We can also look at not only information flow, but as I said, other groups have already 
started to look at how different types of mutations tend to cluster within certain
pathways. So the question is, as we pull together all this information from individual, 
from these large public databases to understand for different cancer types, why 
clusters occur where they do.

[Cluster chart displaying mutation patterns in different cancers based on similar 
function] 

This is a lot messier, but this is a little bit more realistic than the original 
simplistic information flow. But we can see that lots of genes and lots of proteins 
are connected. Each dot here represents an individual gene or protein, each line 
represents a connection between one gene or one and another gene, at least that has 
been documented thus far.

[Cluster chart labeled "Modeling Information Flow in Interaction Networks Allows us 
to Identify Similar Genes] 

And looking how information flows and how epigenetic data that we have available, 
how it modulates information flow, and why things differ. So just to sum things up, 
two major areas of focus are really looking at that computational microdissection, 
looking at tumor stromal, looking at how that impacts patient outcomes.

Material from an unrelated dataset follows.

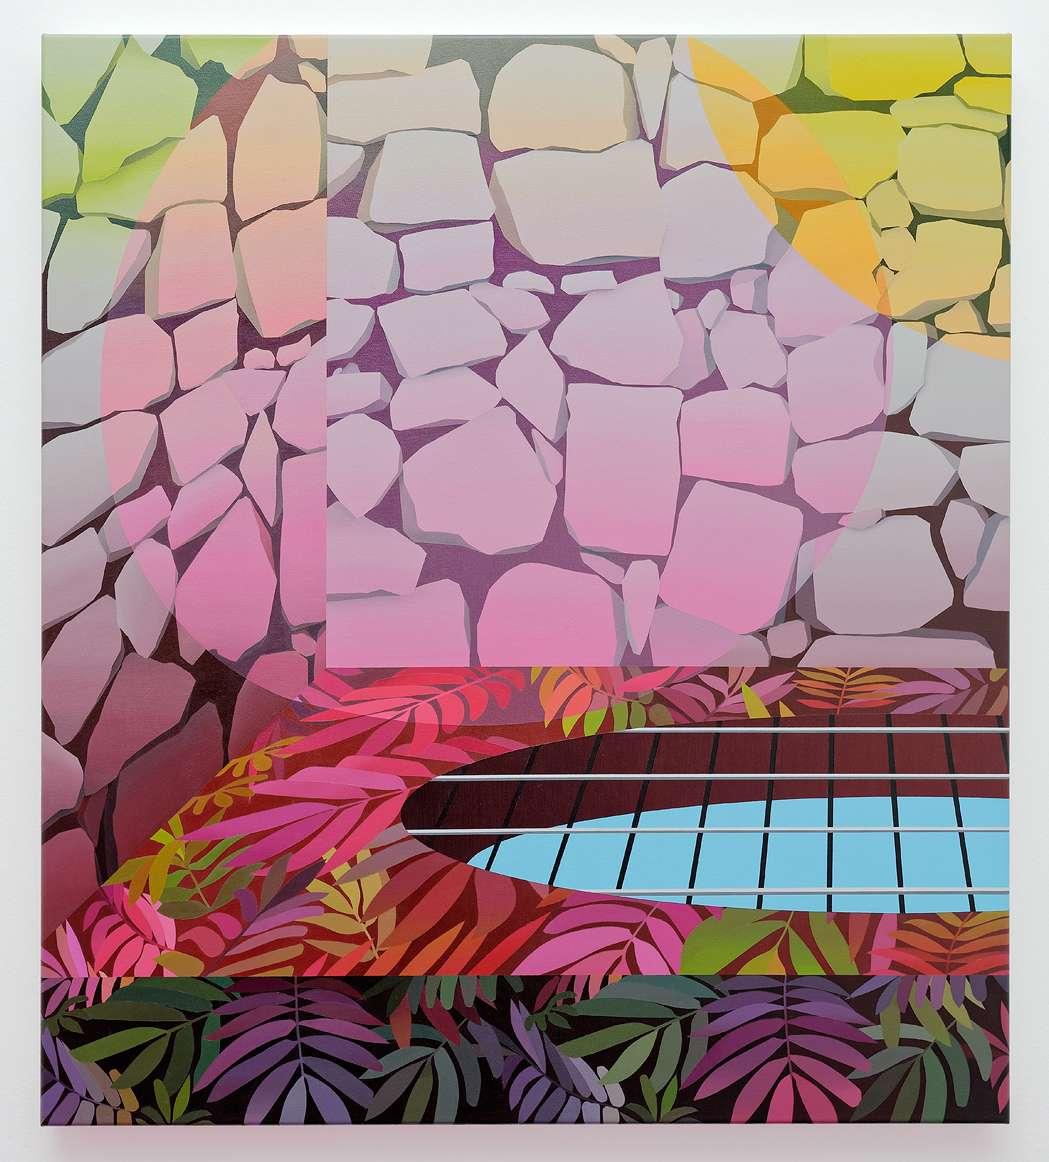 Amélie Bertrand, Sans titre, 2015 Huile sur toile90 × 80 cm / 35 3/8 × 31 1/2 in.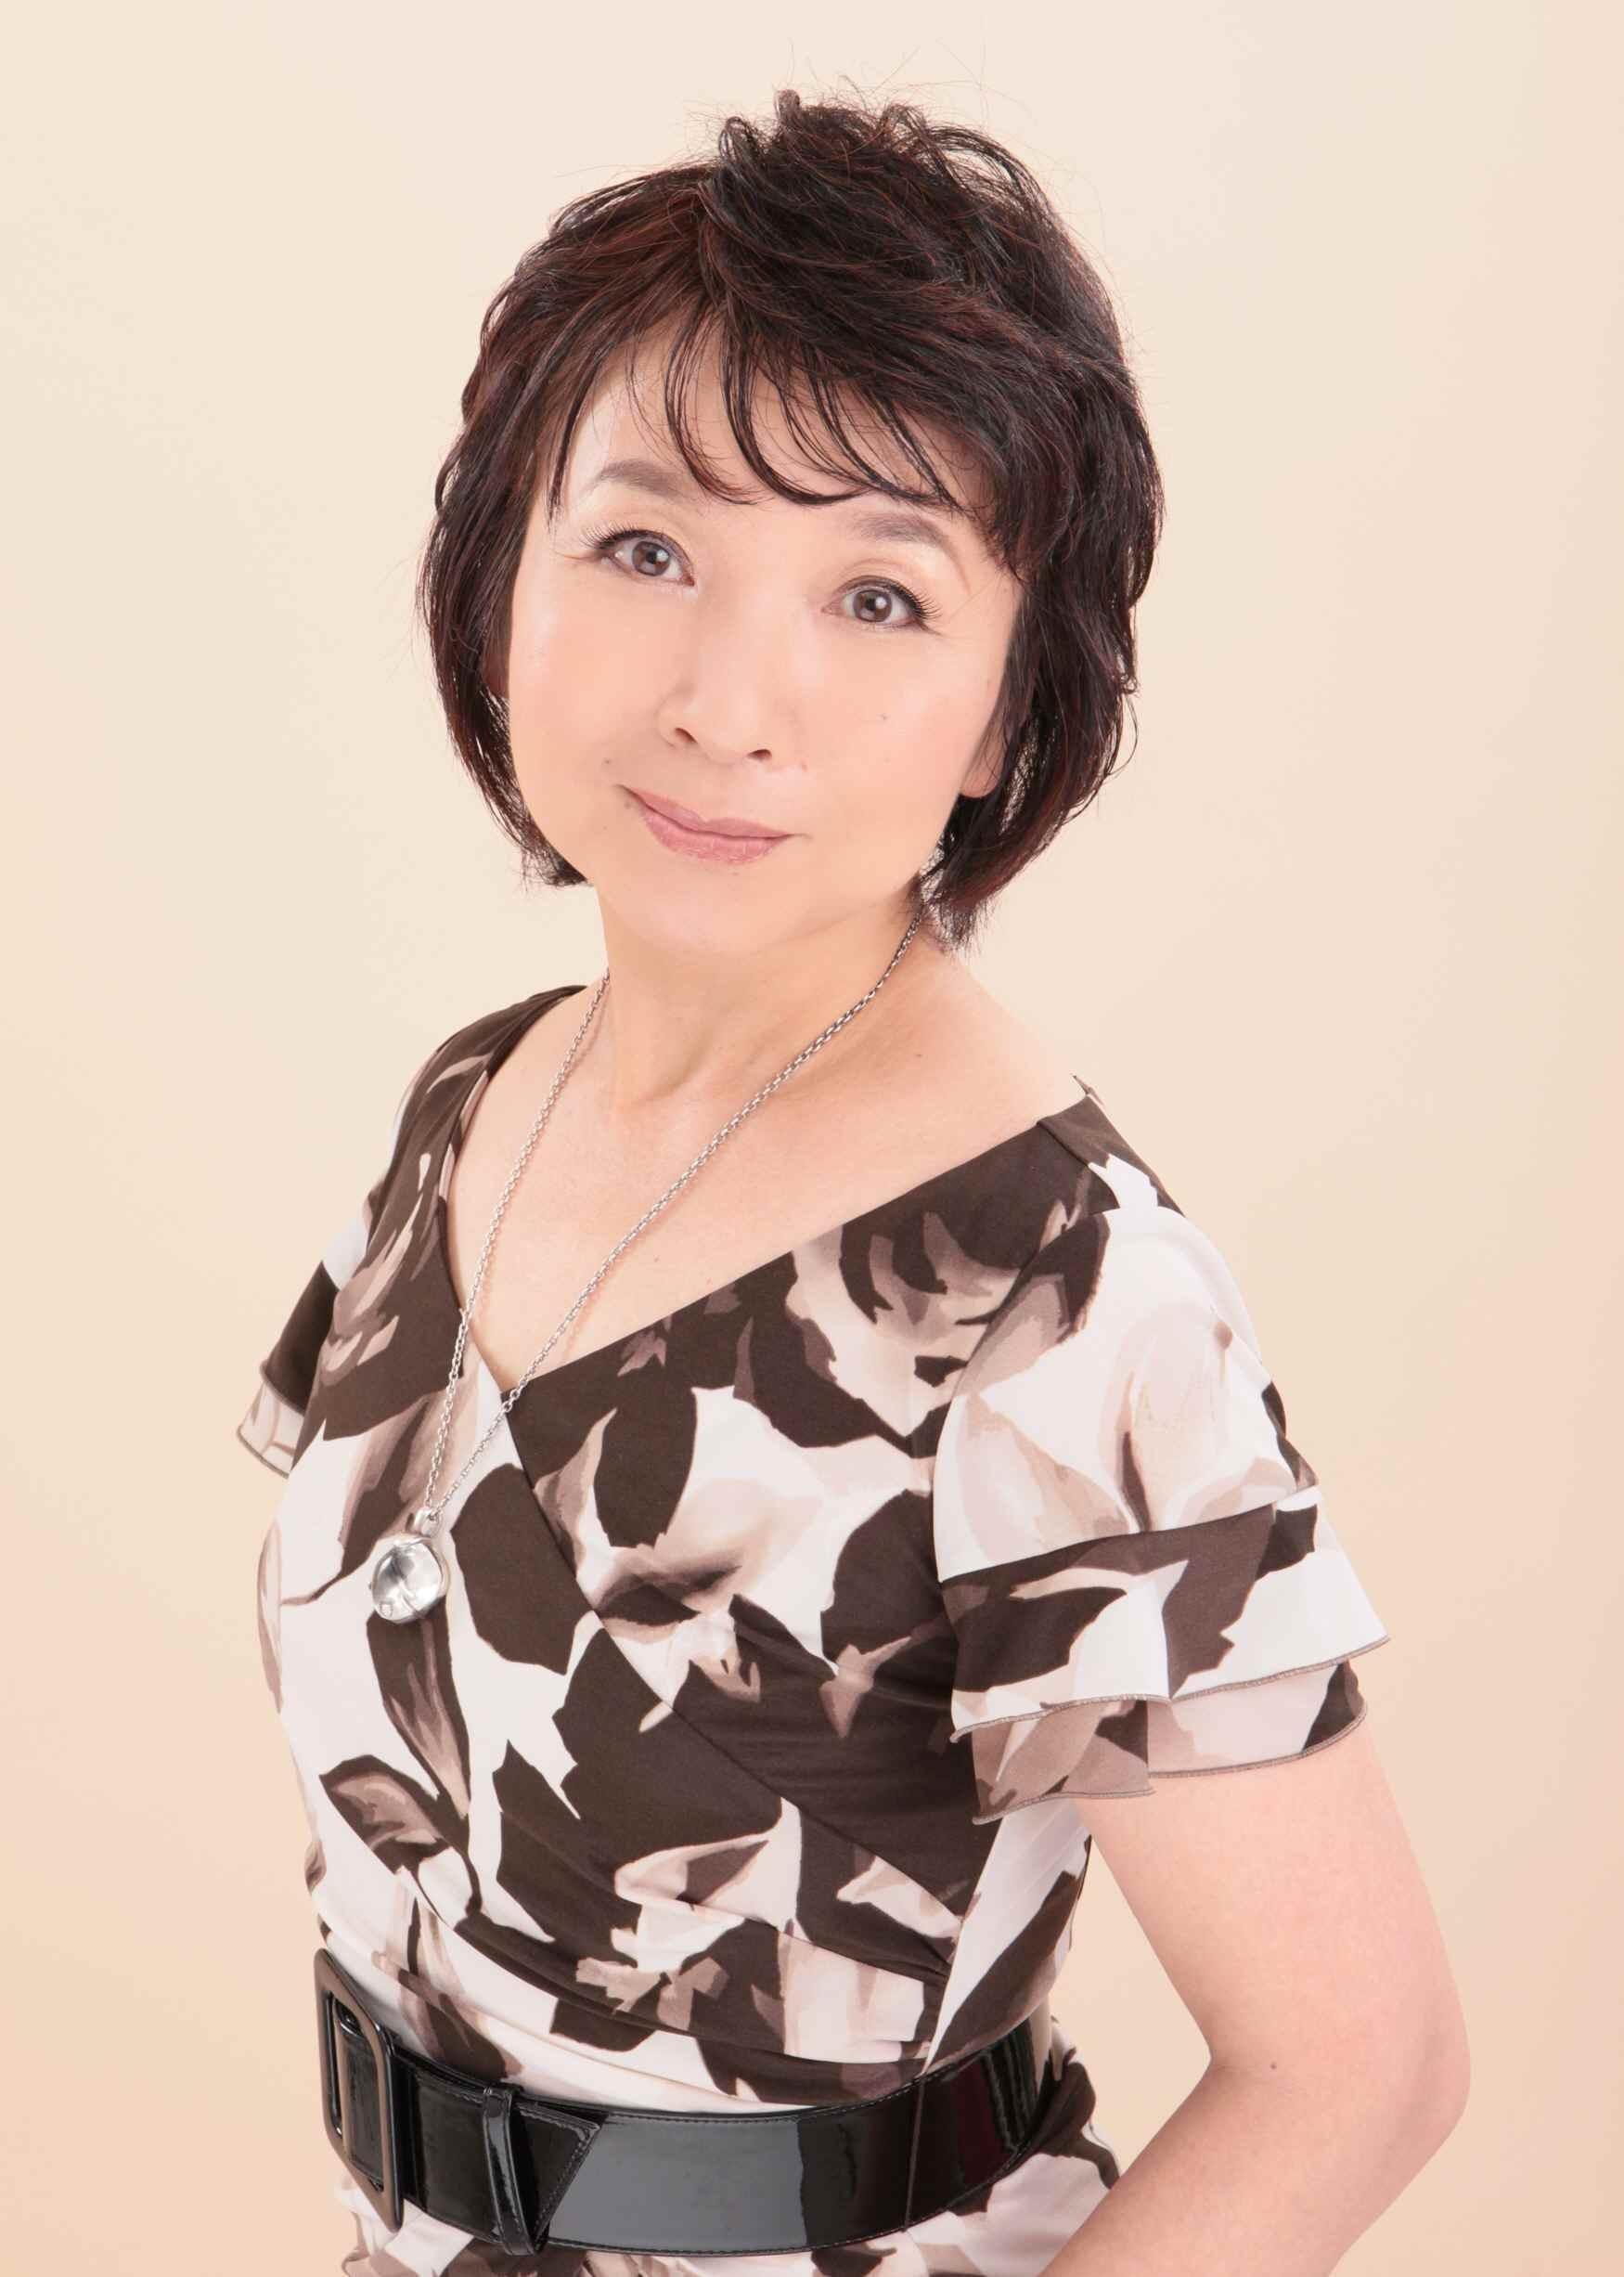 大石ゆう■個性心理學認定講師・カウンセラー&カラーセラピスト

Expanding this to additional projects here at Ohio State, as well as using public 
database to refine the existing methodology, as well as looking at information flow 
and protein interaction networks. How can we integrate this with additional data 
that we have, to better understand the mutation patterns that we see in different 
cancer subtypes.

And use that to help us guide decisions based on to predict therapeutic response 
to targeted agents, as well as resistance to targeted agents. So, thank you very 
much.

[Text on screen 
Hypotheses/Projects for Trainees 
1. Computational microdissection can be used to predict response to cancer therapies 
that are targeted at tumor stroma (anti-angiogenic drugs, immunotherapies). 
2. Information flow in annotated protein interaction networks (e.g., STRING-DB) 
can be integrated with RNA expression data (e.g., TCGA) ro: 
-understand patterns of mutations in different cancer types 
-Understand mutation pressures, and 
-Propose potential pathways of resistance to targeted therapies.]